RU2104994C1 - Method of synthesis of 1-hydroxyadamantane-4-one (medicinal agent "kemantan") - Google Patents

Abstract

FIELD: organic chemistry. SUBSTANCE: invention proposes new method of synthesis of 1-hydroxyadamantane-4-one (immunostimulating medicinal agent "Kemantan") by oxidation of adamantanone with a mixture of concentrated sulfuric and nitric acids in the presence of catalysts. The used catalysts are metal oxides of transient valency and alkaline metal nitrites. Formed chelate compounds were decomposed by boiling in the presence of inert carriers. EFFECT: increased yield, efficiency and quality of the end product. 3 cl

Description

 The invention relates to the pharmaceutical industry and relates to a method for producing 1-hydroxyadamantan-4-one (cemantan) - an immunostimulating agent effective in treating diseases of the vascular system of the extremities of autoimmune genesis, chronic bronchitis, tuberculosis, infectious-allergic bronchial asthma, chronic aphthous stomatitis, herpes and others. [1].

 Several methods are known for producing 1-hydroxyadamantan-4-one, including the oxidation of 2-hydroxyadamantane with 70% sulfuric acid, followed by repeated extraction of the mixture of oxidation products and further oxidation of the resulting mixture with chromic anhydride [2]. The yield in this case of 1-hydroxyadamantan-4-one is not more than 25%.

 In other methods, the target product is obtained by oxidation of adamantanone with chromic anhydride in acetic, propionic or trifluoroacetic acids [3] or by oxidation of adamantanone with a 12-fold amount of nitric acid [4].

 The disadvantages of these methods are low yields of the final product, the use of large quantities of scarce oxidizing agents and a large number of fire and explosion hazardous reagents.

There is also known a method of hydroxylation of aminoadamantane derivatives with a mixture of nitric and sulfuric acids [5]. The reaction is carried out mainly at 20 ^o C. The reaction mass according to this method, after dilution with water, is neutralized with a 40% sodium hydroxide solution, extracted with chloroform and the product is isolated after evaporation of the solvent.

 The use of this method for the synthesis of kemantan showed that the disadvantage of this method is low productivity due to the low reaction rate.

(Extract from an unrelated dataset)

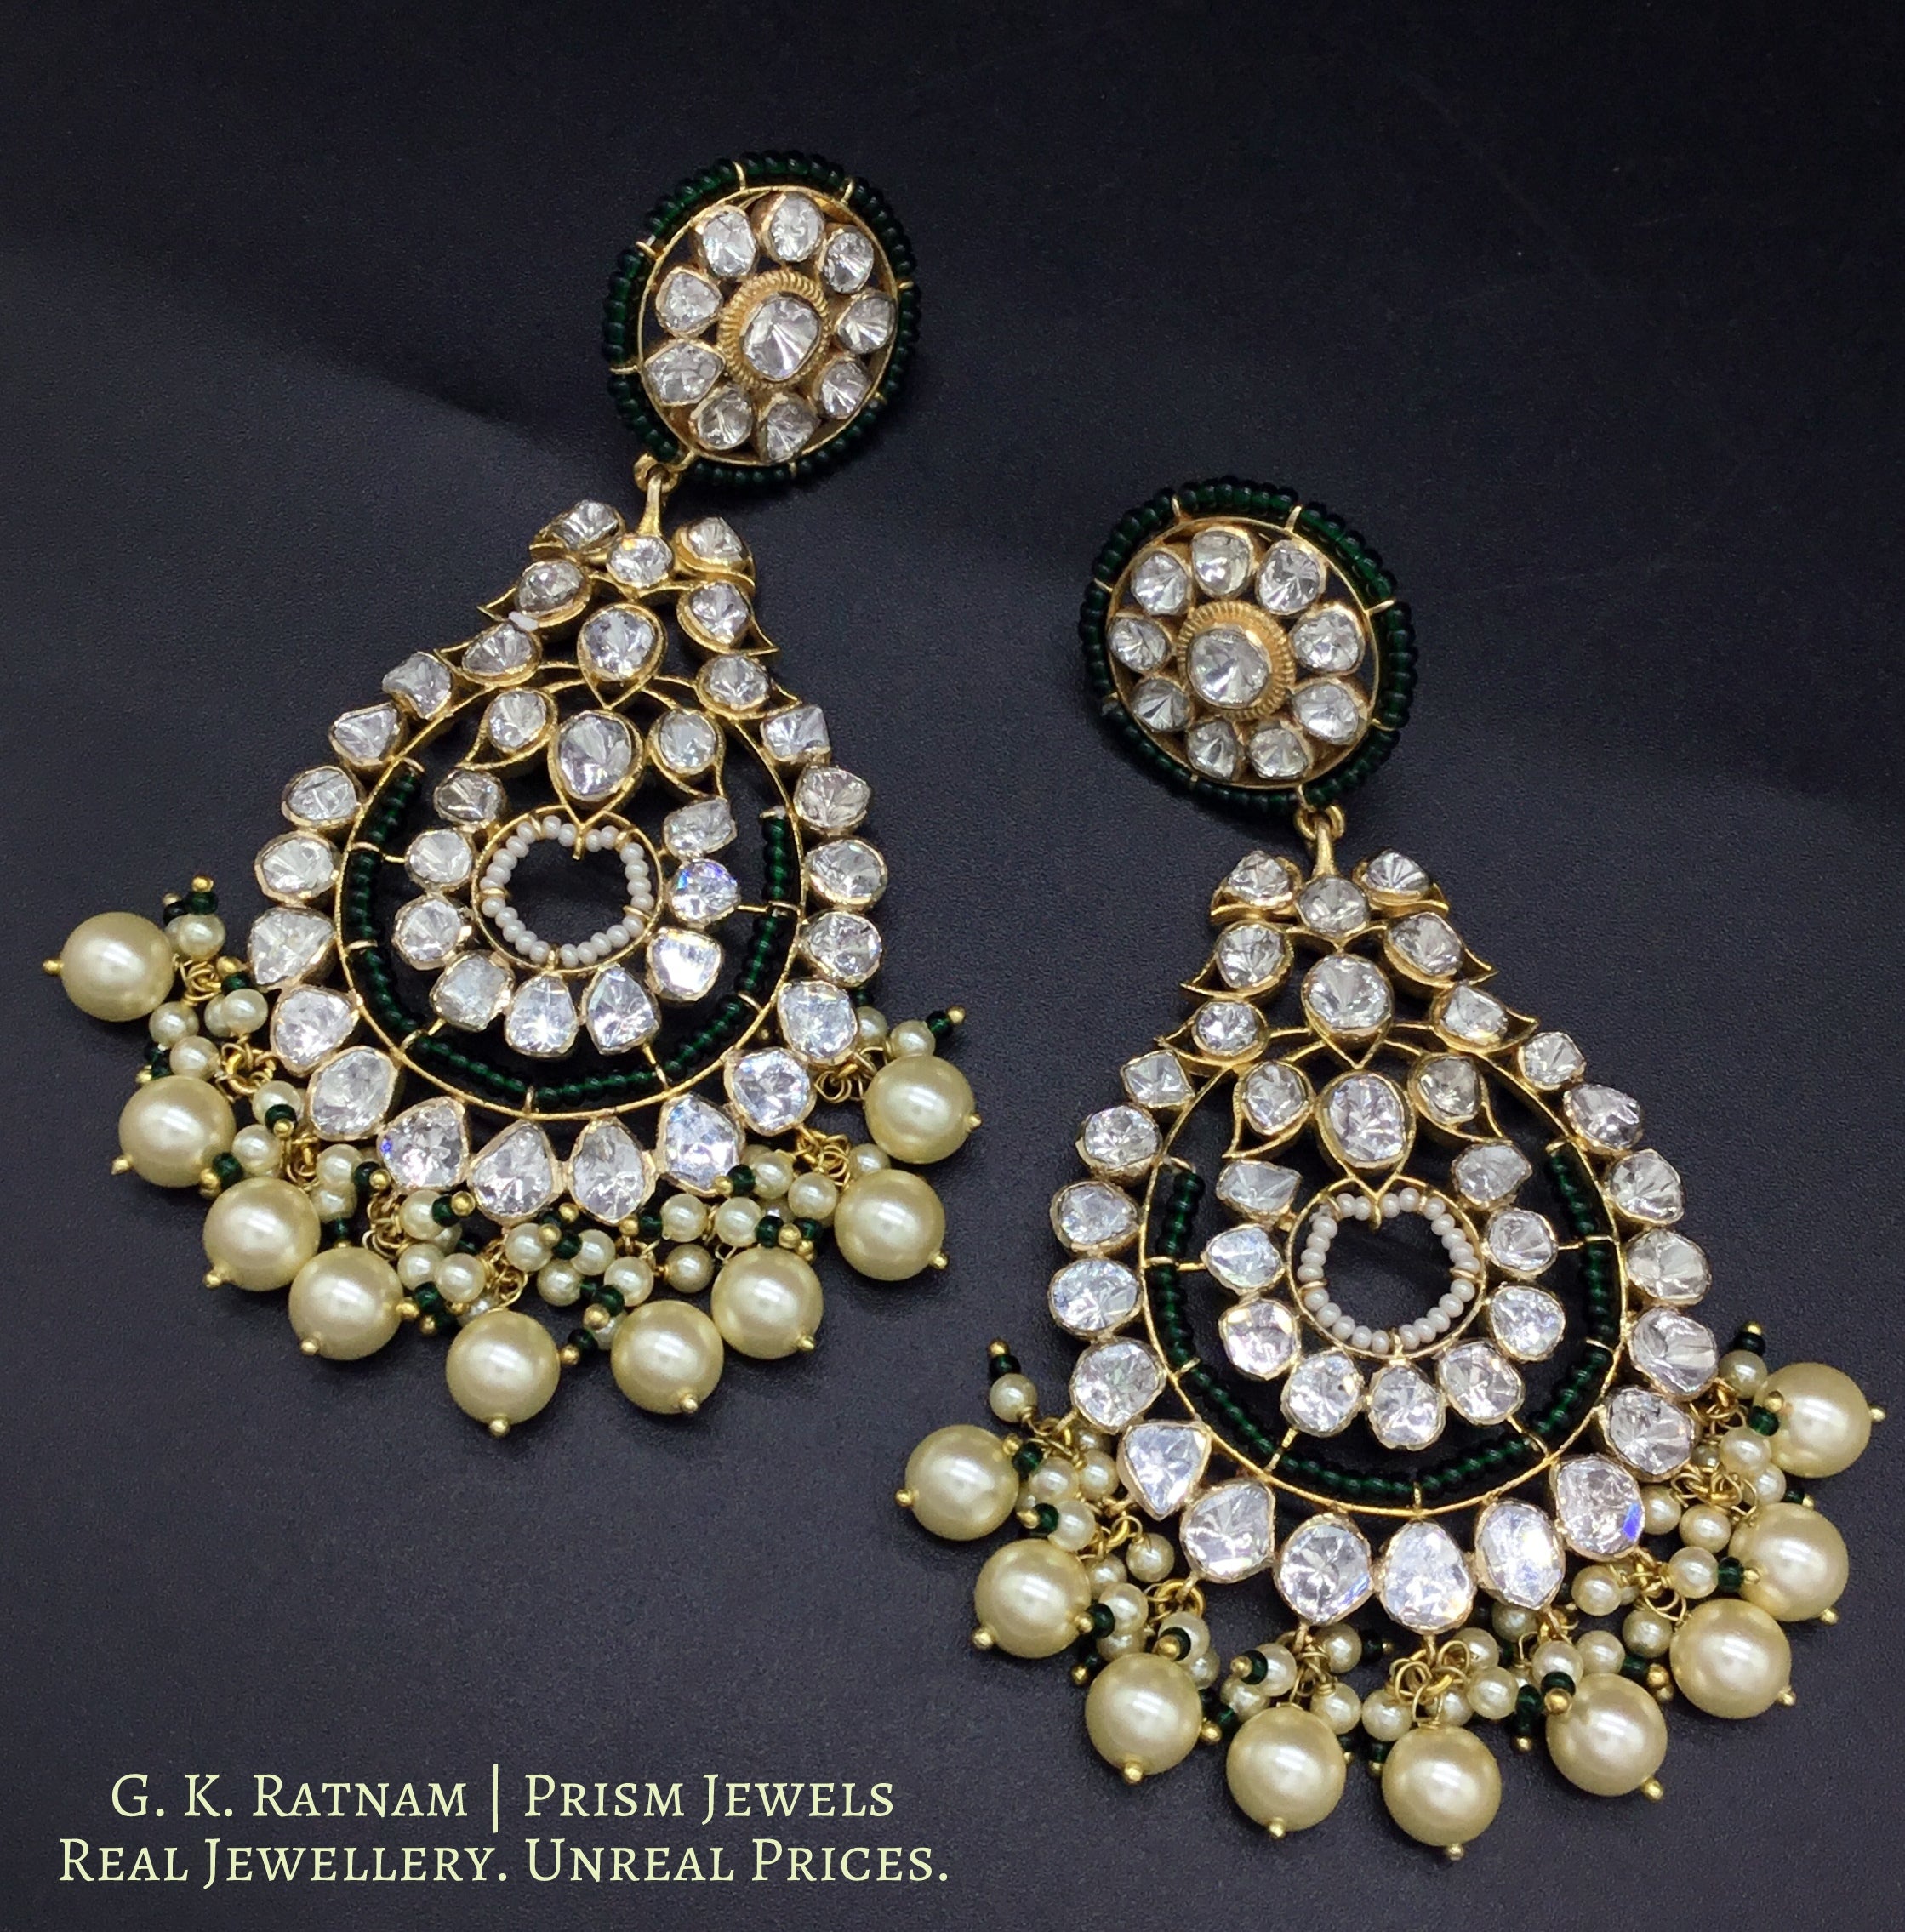 14k Gold and Diamond Polki Open Setting Chand Bali Earring pair with triple-coated shell pearls and a touch of dark green - gold diamond polki kundan meena jadau jewellery

Another disadvantage is the complexity of the instrumentation of the process due to the formation of a large amount of organic salts as a precipitate after alkalization, which complicates the extraction of the target product.

 Upon nitric acid oxidation of adamantanone, as shown by Geluk [6], rather stable complexes of oxygen-containing derivatives of adamantane with nitric acid are formed. Under the conditions of isolation of the product according to the above method, they do not completely decompose and crystallization also fails to free themselves from their impurities.

 In order to speedily introduce into the industry the production of the immunostimulating drug Kemantan, an improved method for its preparation has been developed, which allows increasing the reaction rate by an order of magnitude, increasing the yield and obtaining a drug of sufficient purity.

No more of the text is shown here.